The debate over law schools dates back to the Kim Young-sam administration in 1995.
The proposal to adopt a law school system was suggested by the globalization campaign but it was withdrawn due to strong opposition from Korea’s legal community. Since then it has been dogged by controversy.
The proposal has been promoted vigorously by the current administration as a fundamental plank of its platform for reform of the legal system, but it has been held up in the National Assembly for more than one-and-a-half years.
In 2005, when the proposal was first submitted, it was expected that law schools would open their doors for the first time in 2008.
However, we now have to wonder if it will be feasible for them to open by 2009, despite more than 40 universities spending a collective 200 billion won ($215 million) to introduce a law school system.
Now that the Roh administration has emphatically entered its lame duck stage there have been strong doubts over whether the Blue House’s proposal will be accepted by the Assembly.
Some say the proposal has too many problems and they have discussed new alternatives.
The proposal is now close to being endorsed by the Assembly, as a law school system has become inevitable due to the free trade agreement between the United States and Korea.

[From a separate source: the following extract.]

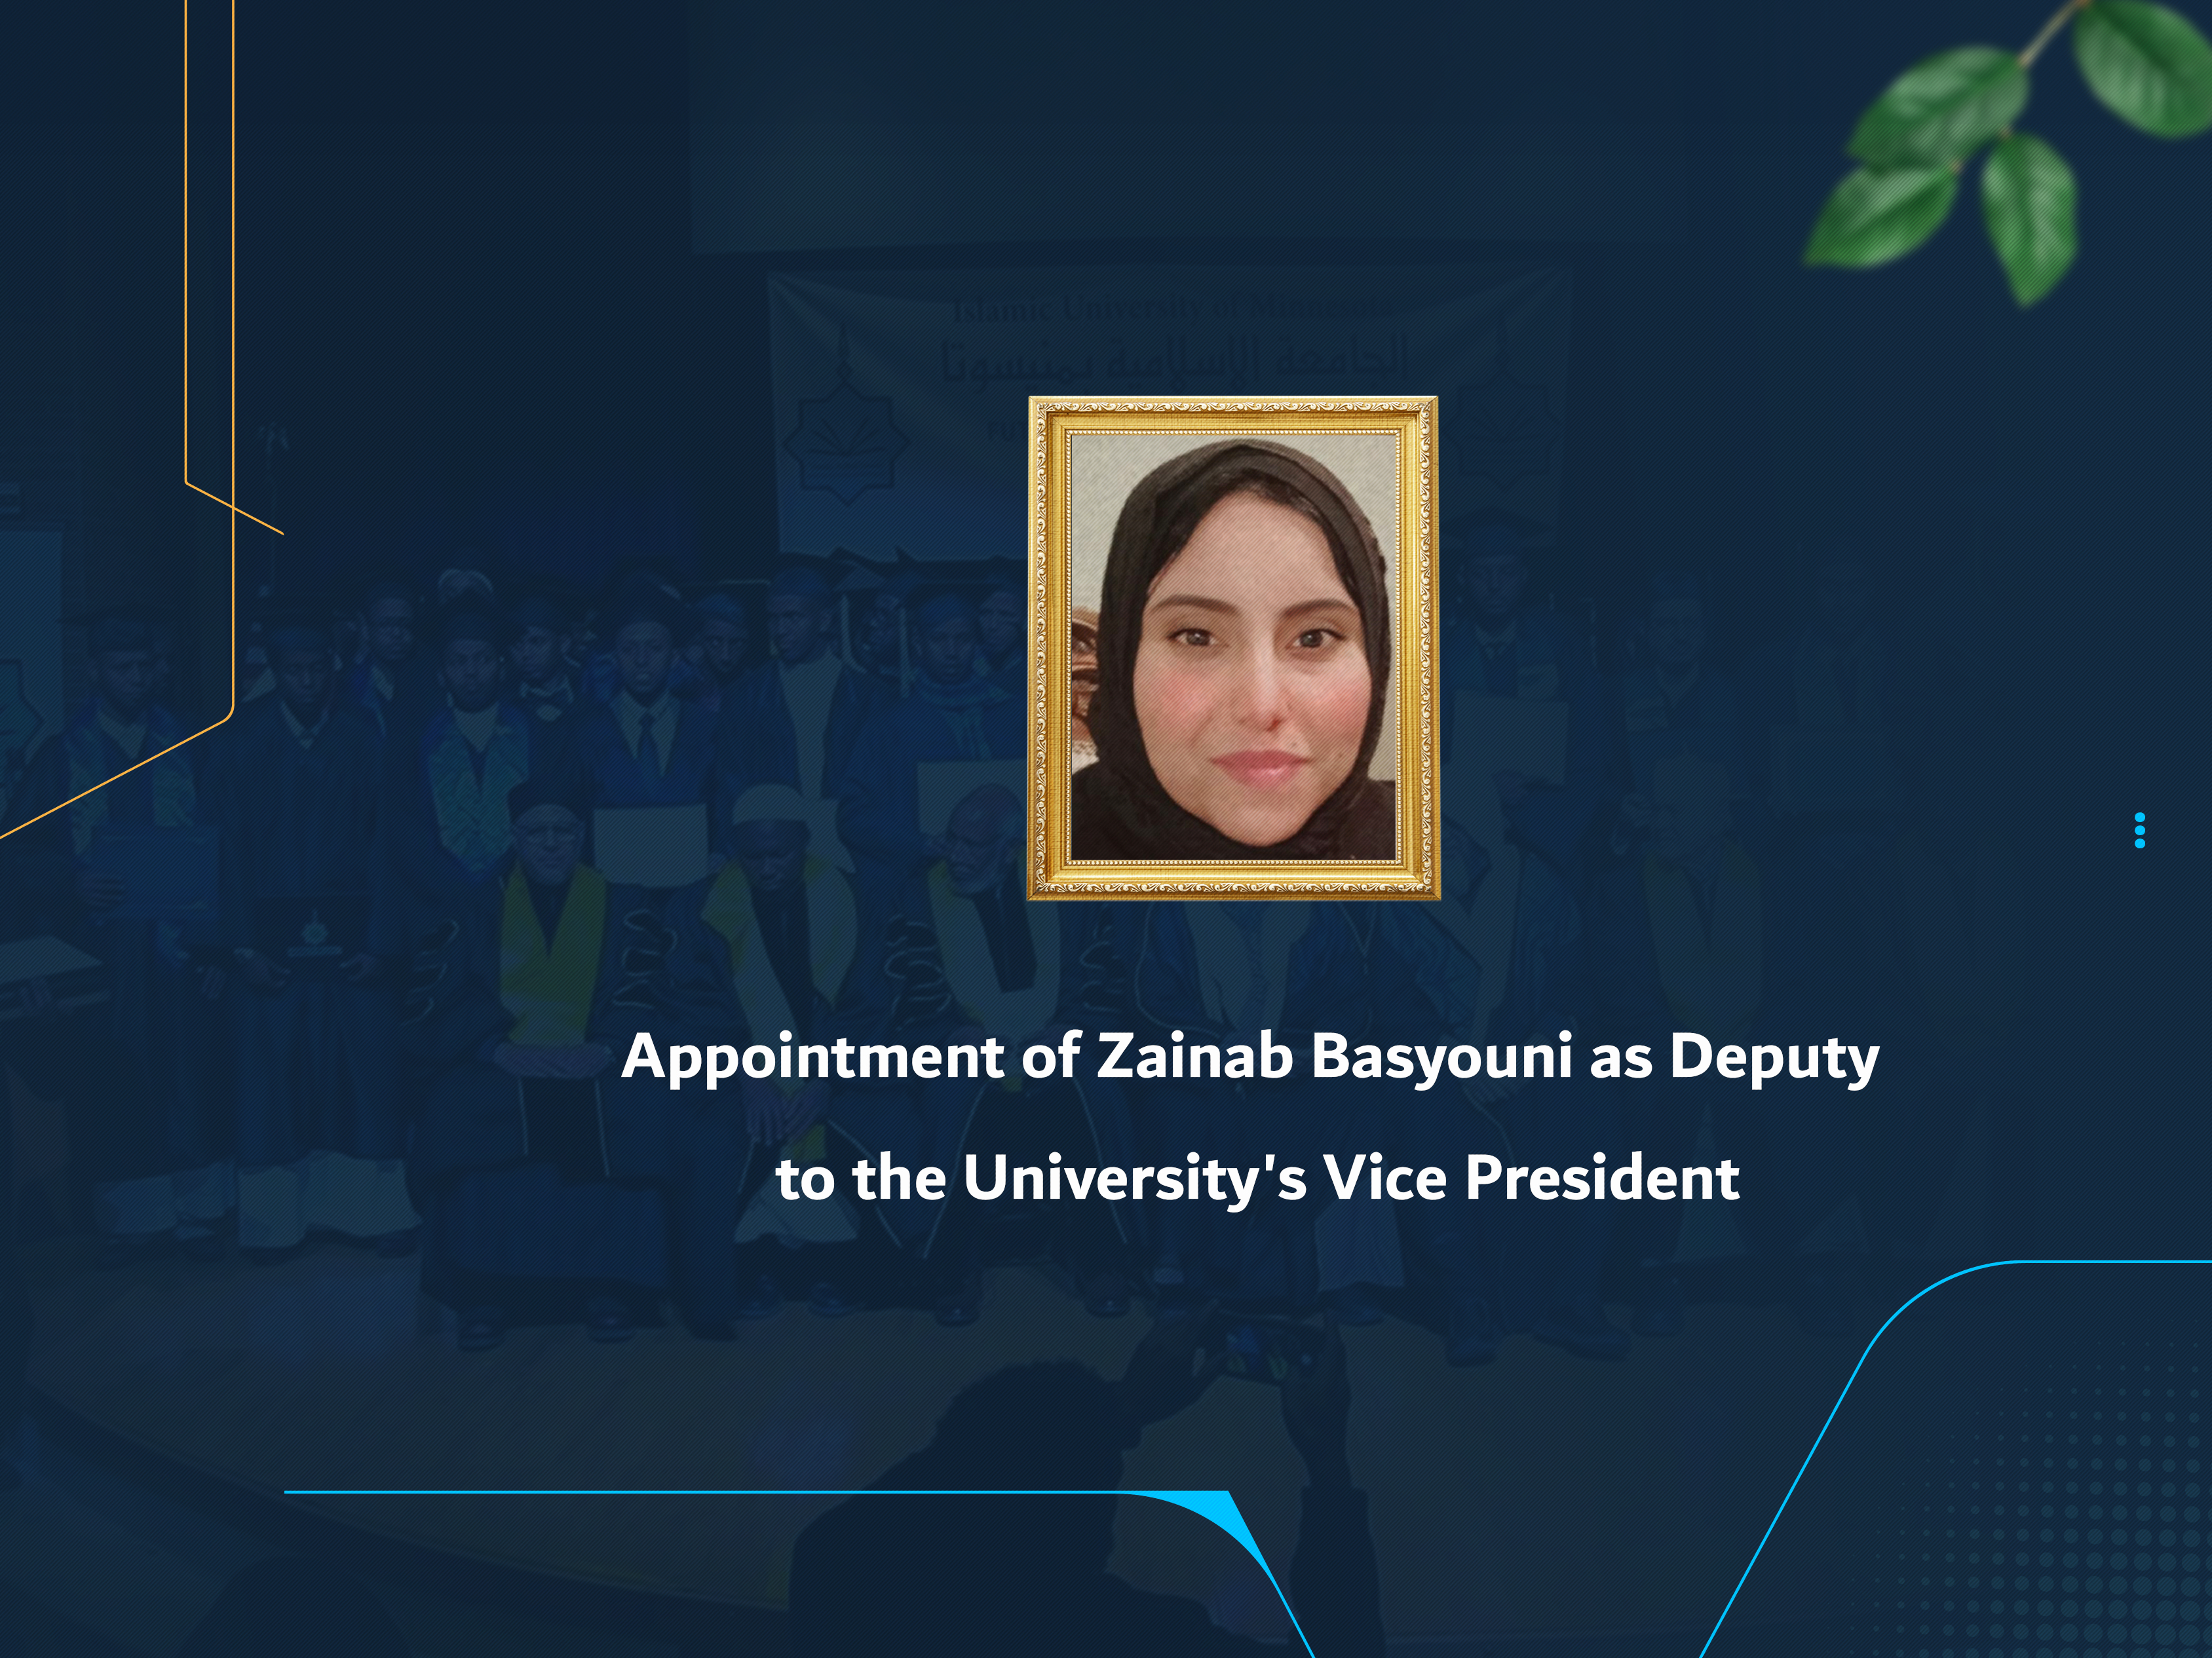 Appointment of Zainab Basyouni as Deputy to the University's Vice President

But the problems within the proposal, exposed during months of controversy, have to be revisited.
The fundamental question is whether the law school system outlined in the current proposal is suitable for our legal process and if it can address the many problems that bedevil our legal education.

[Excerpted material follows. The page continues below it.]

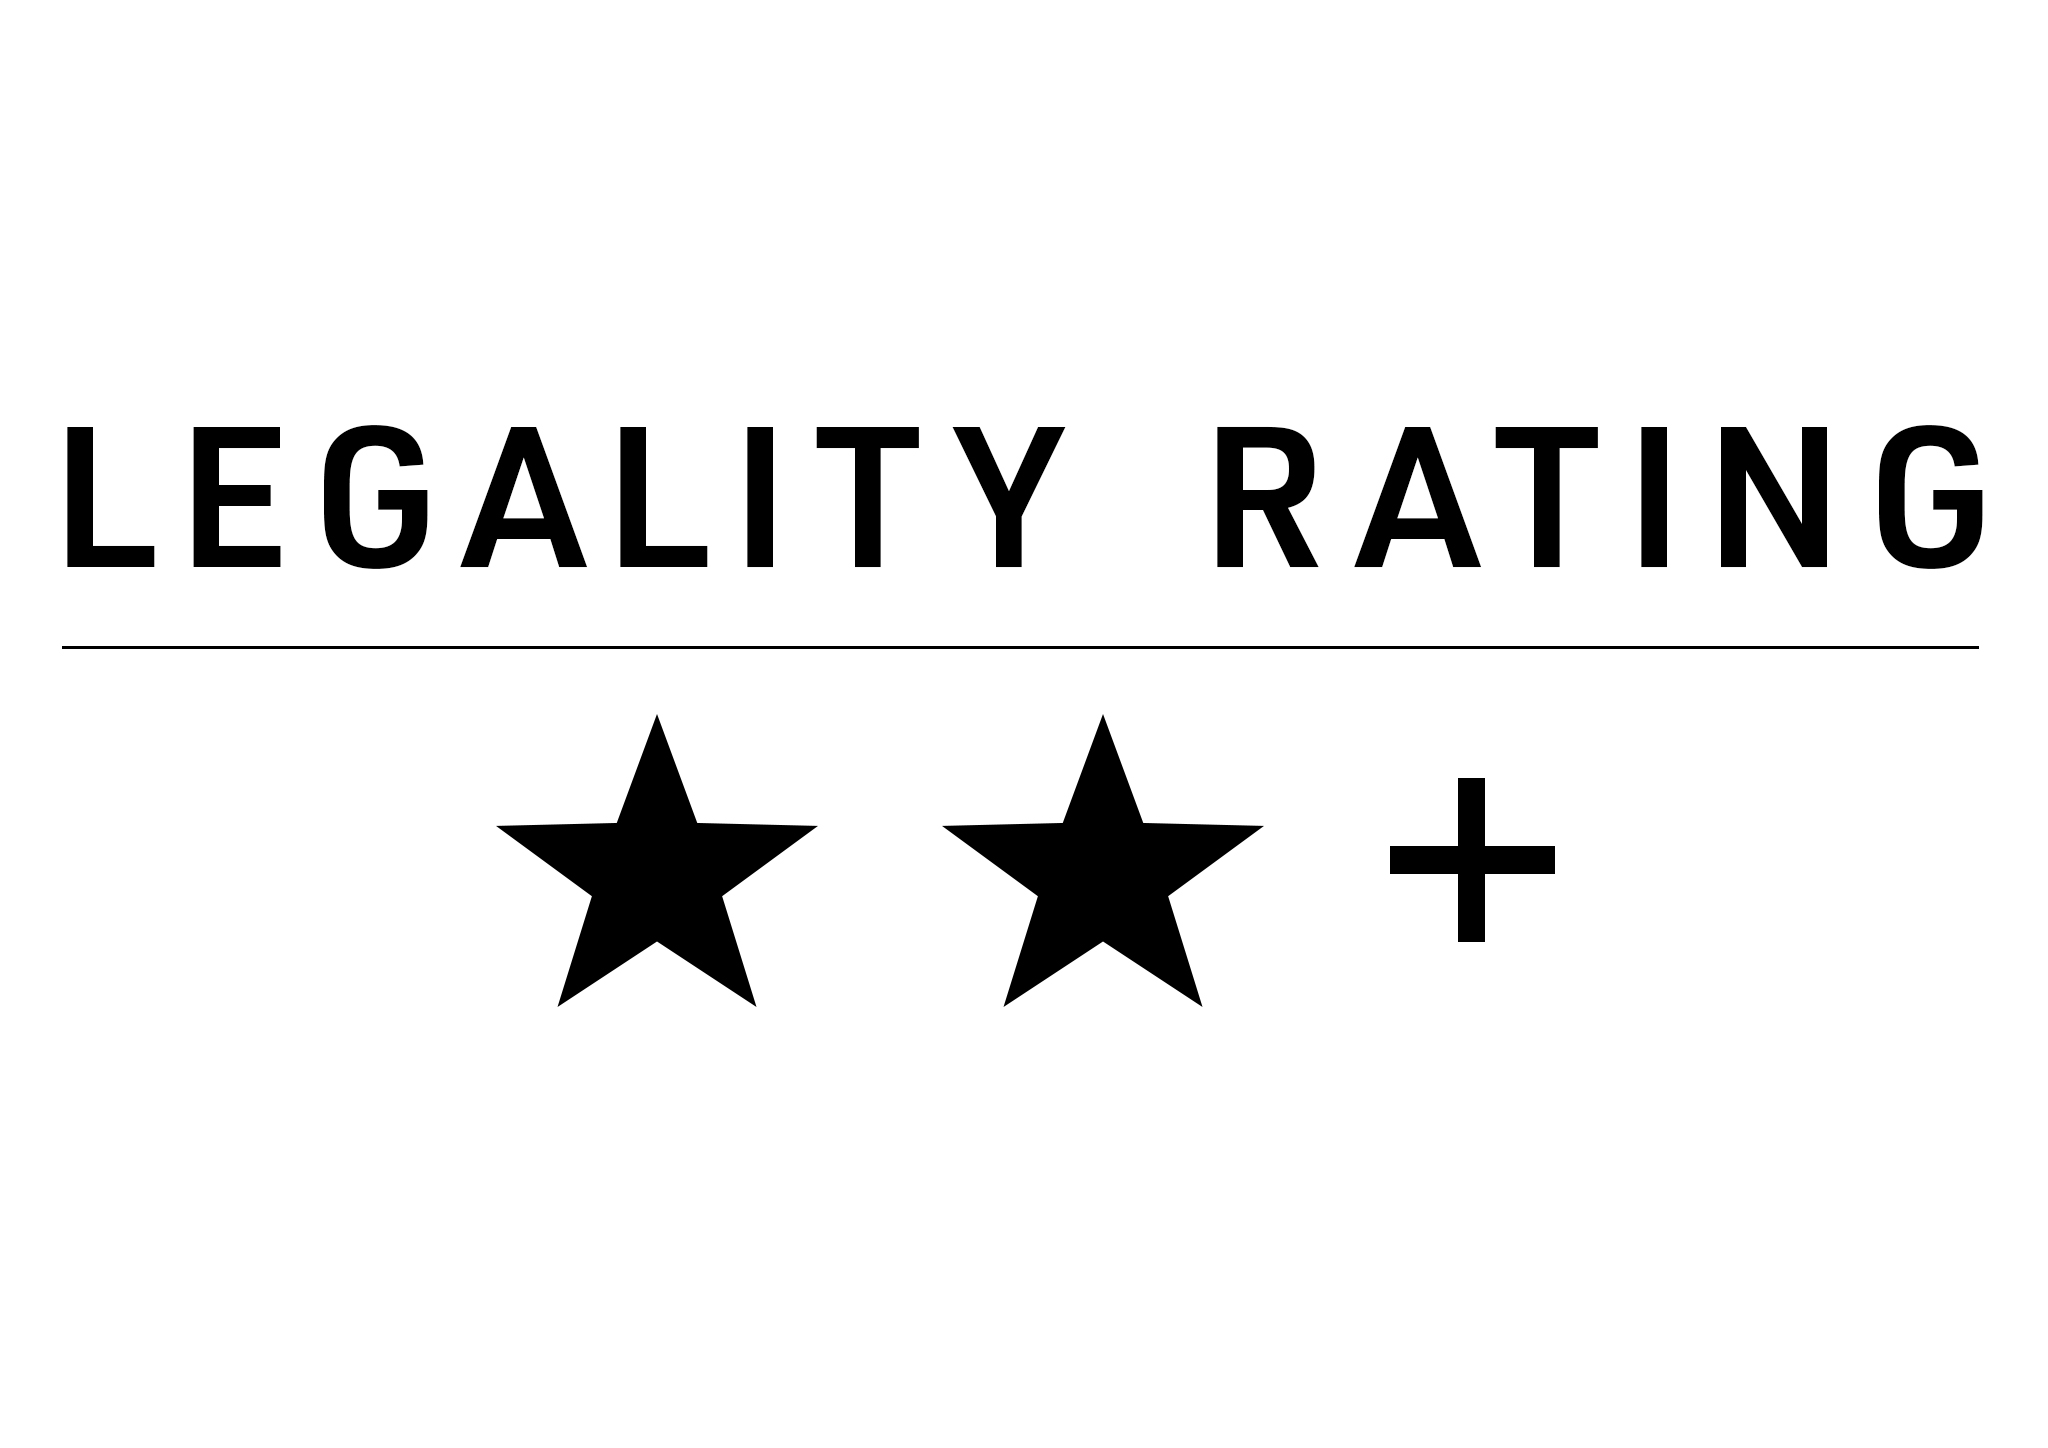 Legality rating

It is particularly questionable whether those who are responsible for legal education or those engaged in the legal community can agree with this system. Other systems aside from the American law school system are being discussed, but the core of the issue is what we can learn from the American law school system.

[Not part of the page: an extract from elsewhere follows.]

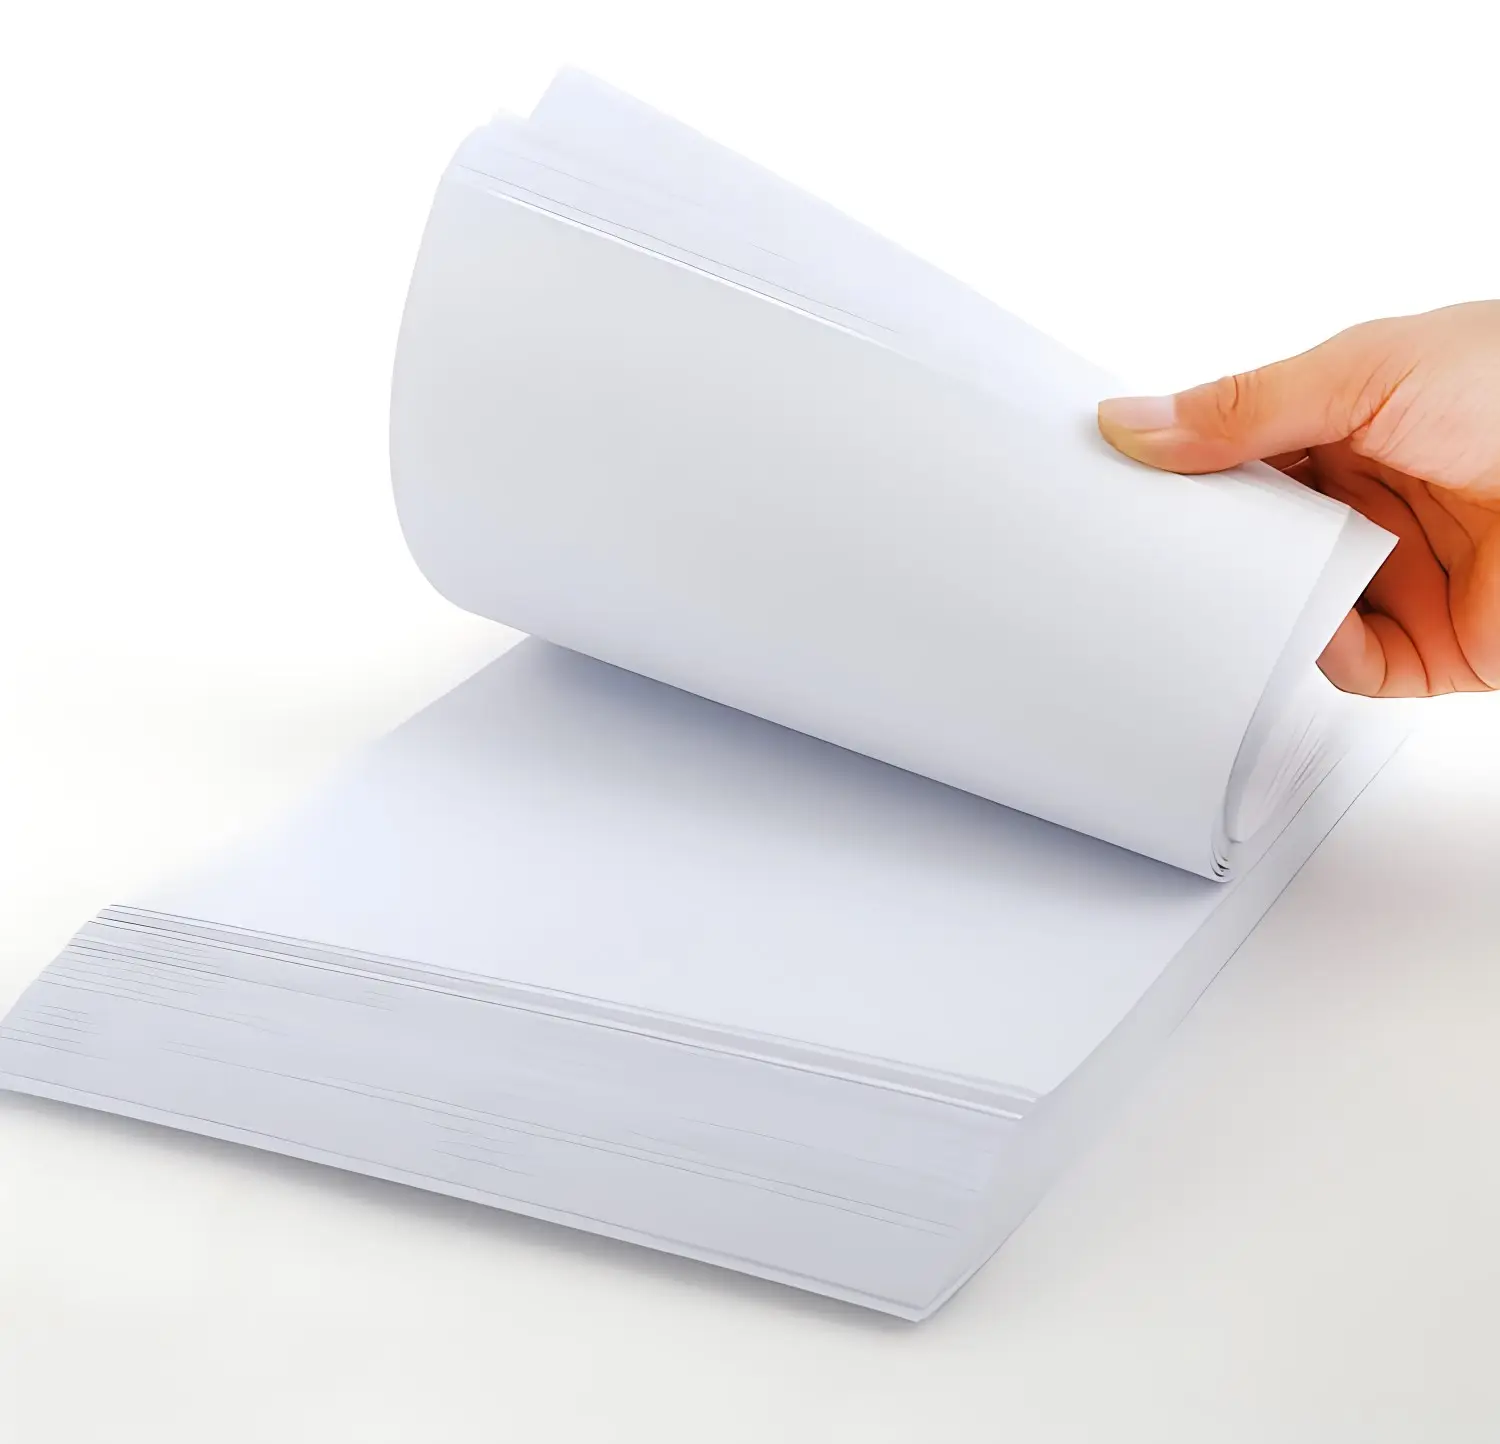 Hot selling 70 75 80 Gsm Copy A4 Paper multipurpose office paper

We should not introduce a system that is only superficially similar to the American law school setup. Our new system must address the deeper issues in our legal education and make it possible for law professionals to deal with the opening of the law market. In other words, the bar examinations that ensured only a limited number of students could become lawyers should be transformed into a qualification test that can guarantee we have enough attorneys. But the current proposal does not ensure such a transformation and that is the heart of the issue.
It is also the argument advanced by the deans of private universities who began a hunger strike last week.
Also the legislature has not had a good discussion on the issue. The proposal was sent to the National Assembly in October 2005 after many controversies regarding its final draft.
But the legislative review of the proposal has been delayed so far because of other political issues. While the proposal was being delayed, many doubted it would ever pass through the Assembly. Nonetheless, many universities have competed for the right to have a law school, as if their victory or defeat would determine their survival. Many want a school as a way to transform their future prospects. Despite this quagmire, the opposition Grand National Party has never published a stand on this issue, which invokes many doubts.
If the proposal fails to get passed during this Assembly session, which finishes today, the law school proposal will again be lost, causing consternation among many people.
Citizens should no longer be held responsible for the adoption and implementation of the policy.
Now that the issues and controversies involved with the proposal have become apparent, the National Assembly must reach a rapid conclusion, whatever that may be.

*The writer is a law professor at Sungkyunkwan University.